A number of anterior views have been described, and sonographers experienced in their use have indicated success with these views. The anterior approach of Dahlstrom and colleagues is performed with the patient supine and the hips flexed and abducted. The transducer is placed anterior to the hip joint and is centered over the femoral head with the plane of the sound beam parallel to the femoral neck ( Fig. 55.4A-B ). A Barlow or push maneuver can be performed to detect instability. Complete dislocation is considered to be present when femoral head displacement exceeds 50% of its diameter (see Fig. 55.4C ). The image produced in a normal hip is an axial section through the acetabulum and a longitudinal section through the femoral head and neck. The anterior view is particularly useful in rigid abduction splints and casts in which the posterior aspect of the hip is covered.

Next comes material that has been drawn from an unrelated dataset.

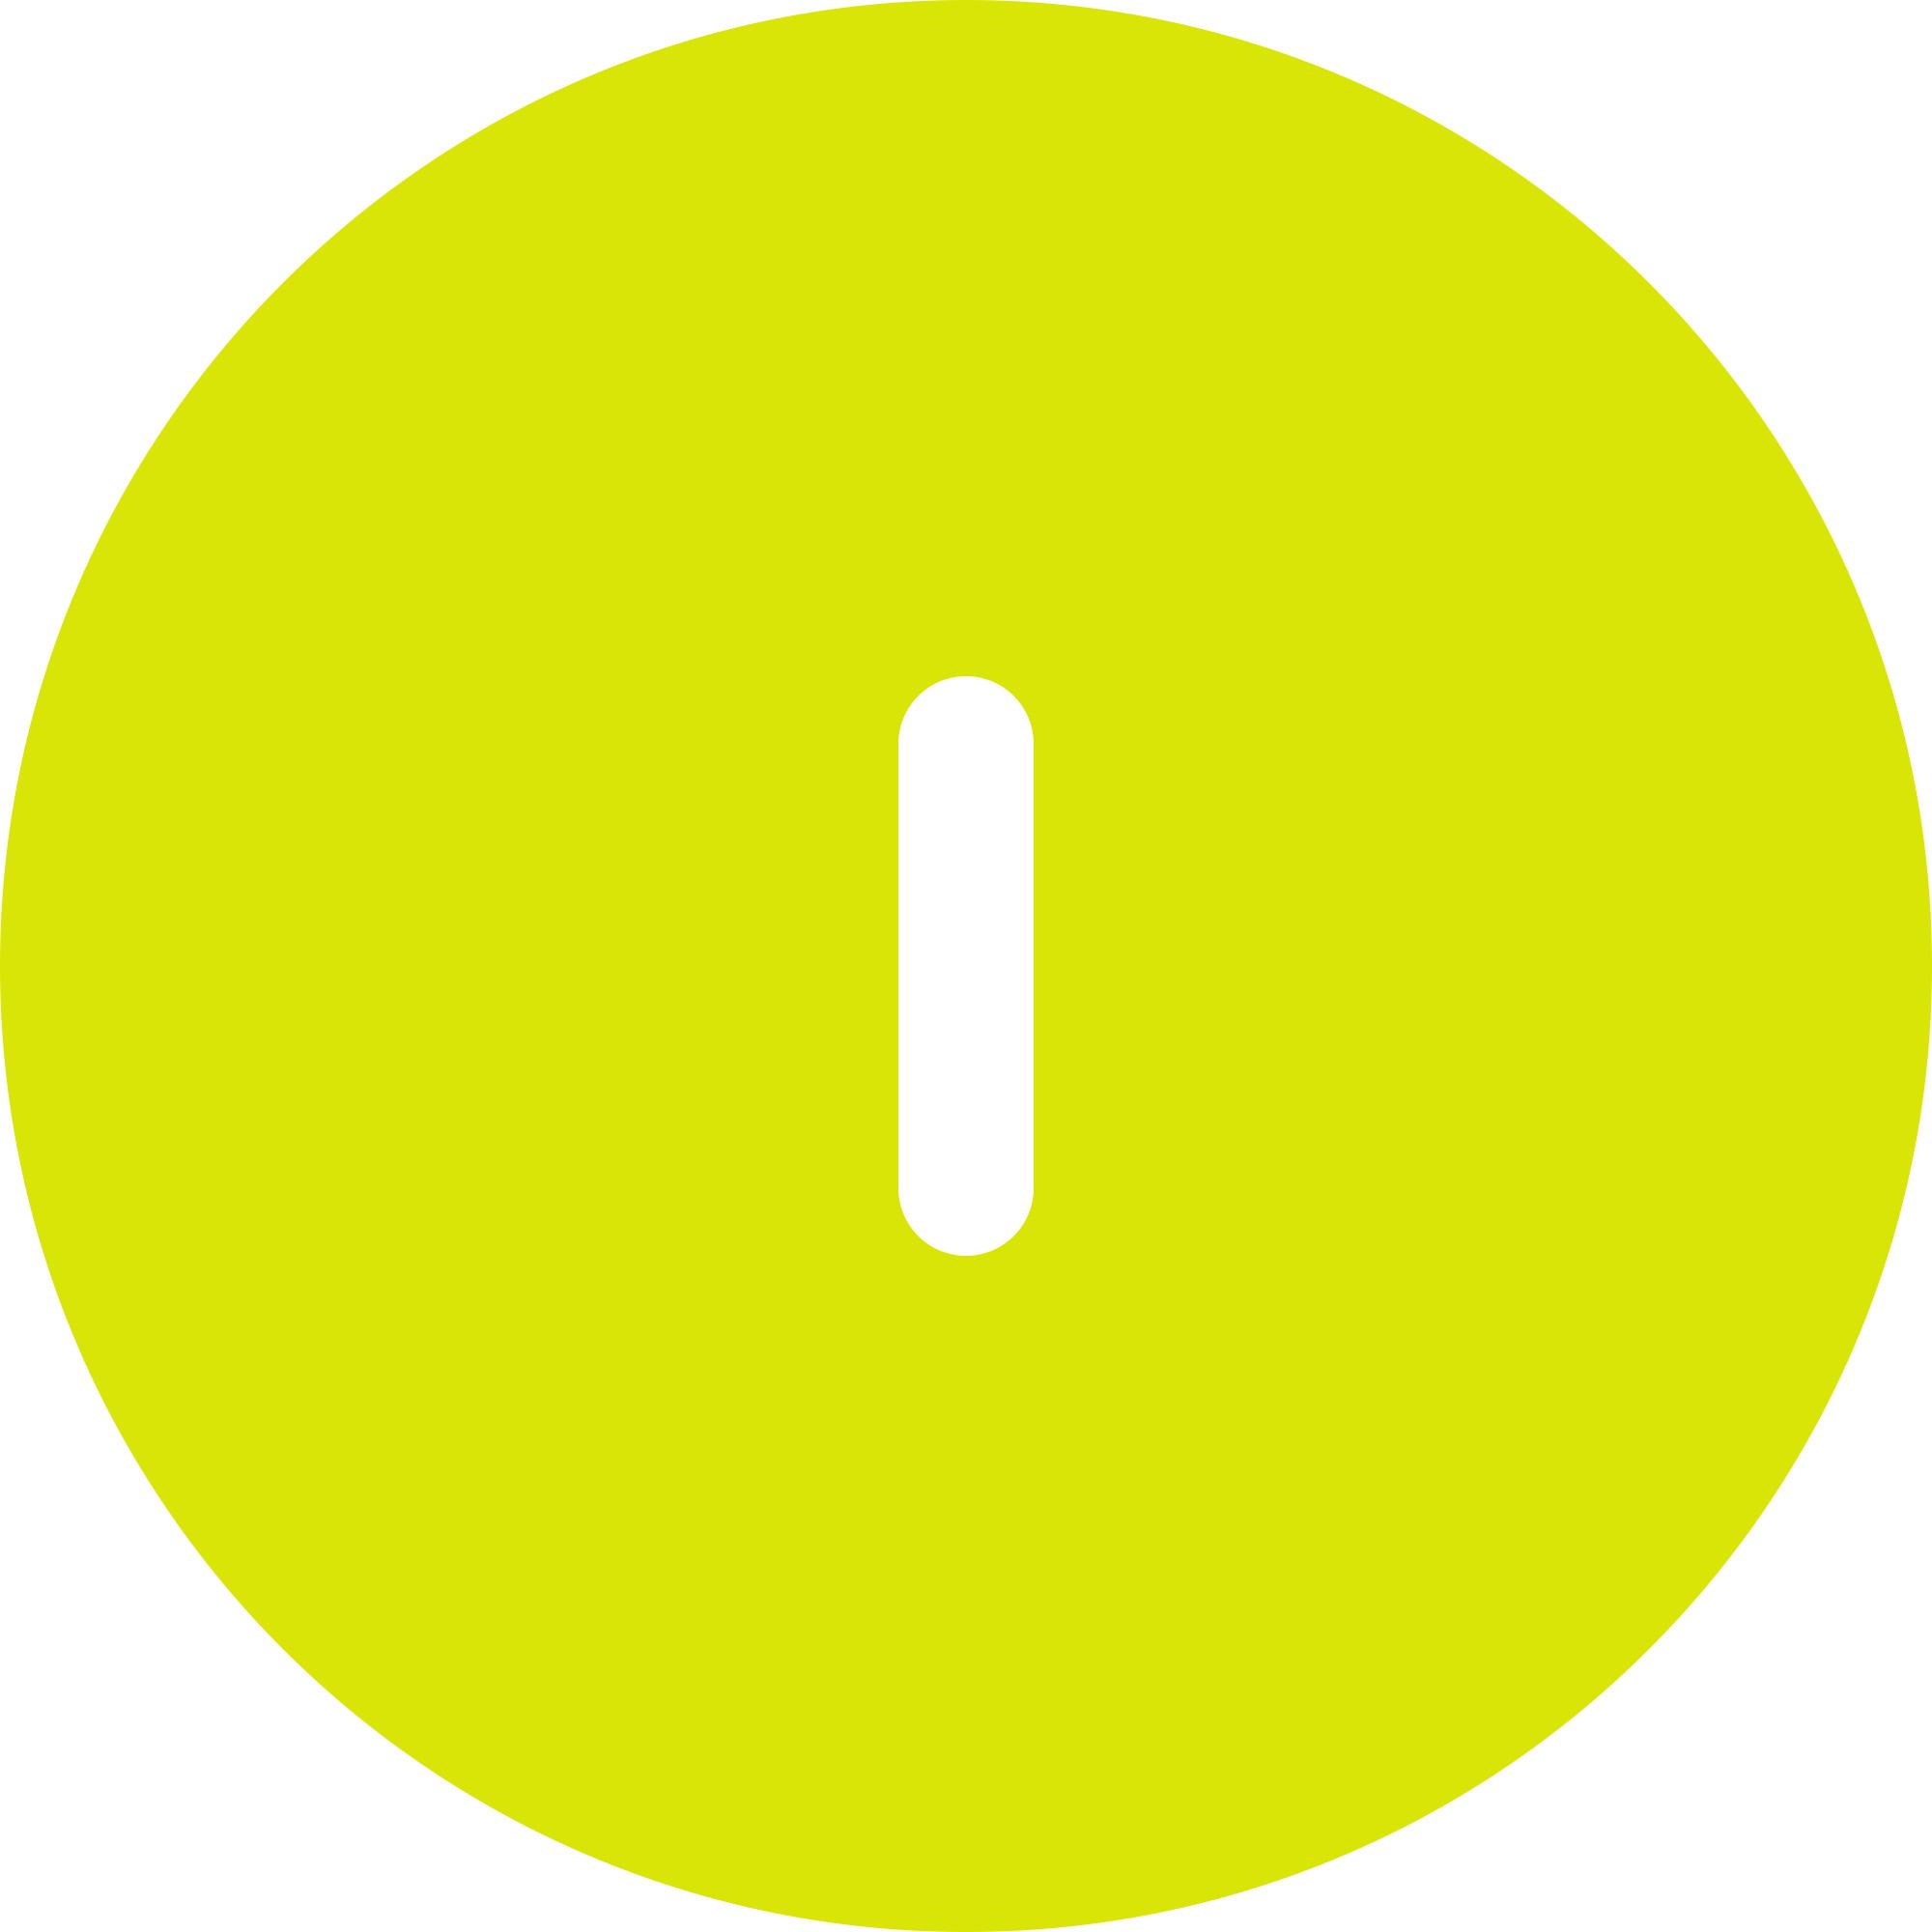 01-news-bundespreis-ecodesign
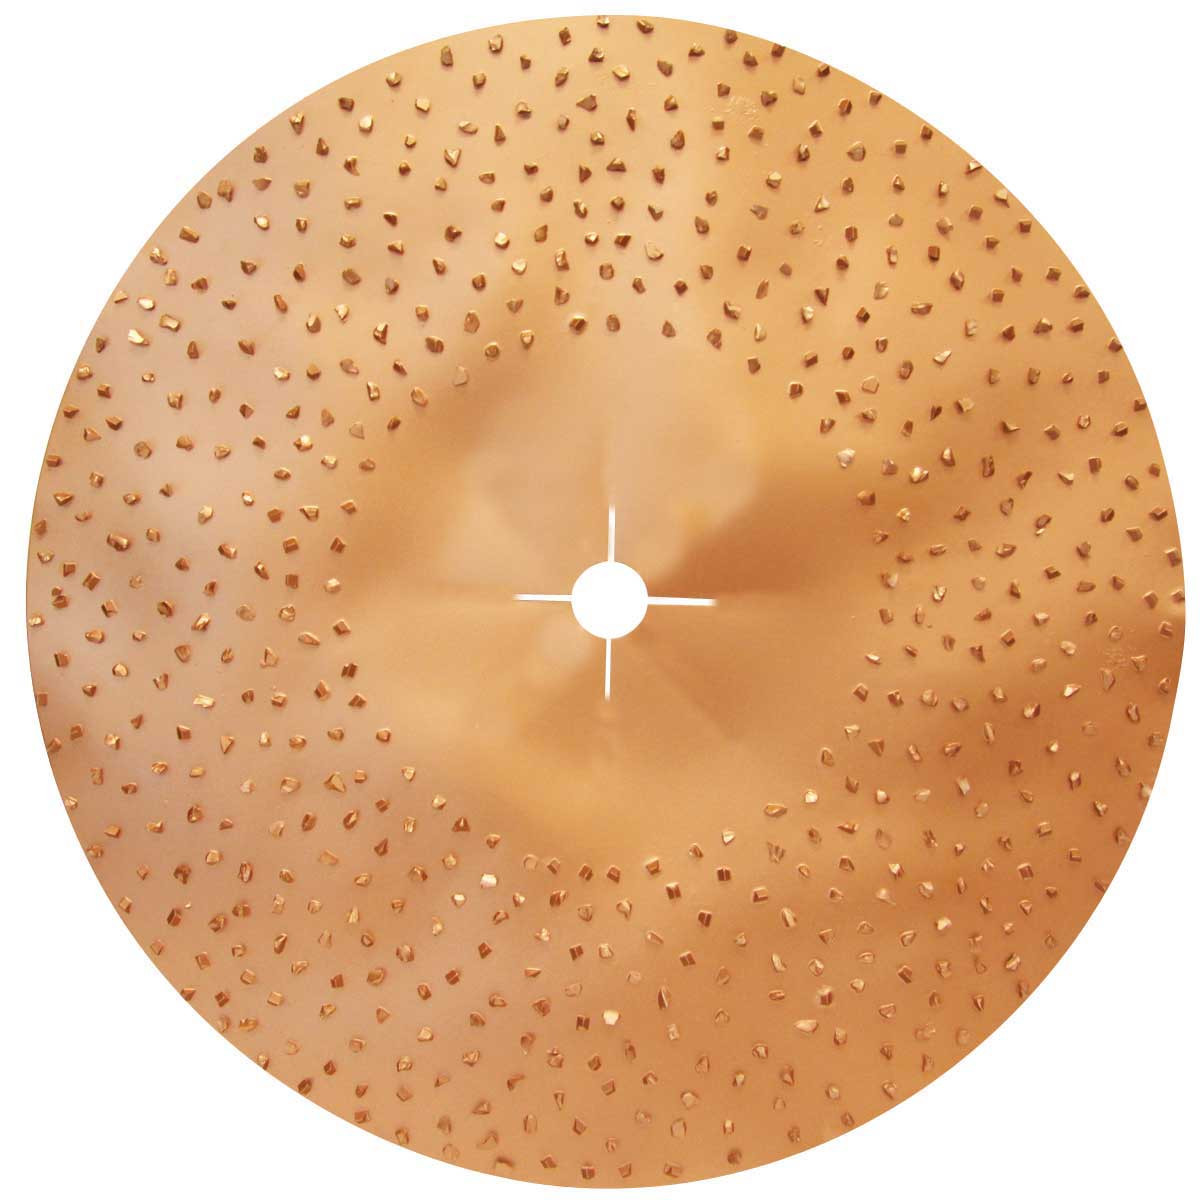 Raimondi Double Sided floor disc

We examine each hip in multiple views and report our findings with an emphasis on position and stability. Femoral head position is described as normal, subluxated, or dislocated. Dislocations are easy to determine, and we have had no difficulty with their identification. Sometimes it can be problematic to decide whether an abnormal hip that is widely displaced should be called “subluxated” or “dislocated.” Stability testing is reported as normal, lax, subluxatable, dislocatable (for subluxated hips), and reducible or irreducible (for dislocated hips). When stress maneuvers are performed, it is important that the infant be relaxed; otherwise, inconsistency may be found between the sonographic and clinical examination findings and in serial ultrasound studies.
The acetabulum is assessed visually and is described as normal, immature, or dysplastic. More important are the development of the cartilaginous labrum and its coverage of the femoral head. Situations in which the bony component is steeply angled but the cartilage is well developed and covers the femoral head should be noted. Deformity and increased echogenicity of the cartilage are indications of more severe acetabular dysplasia.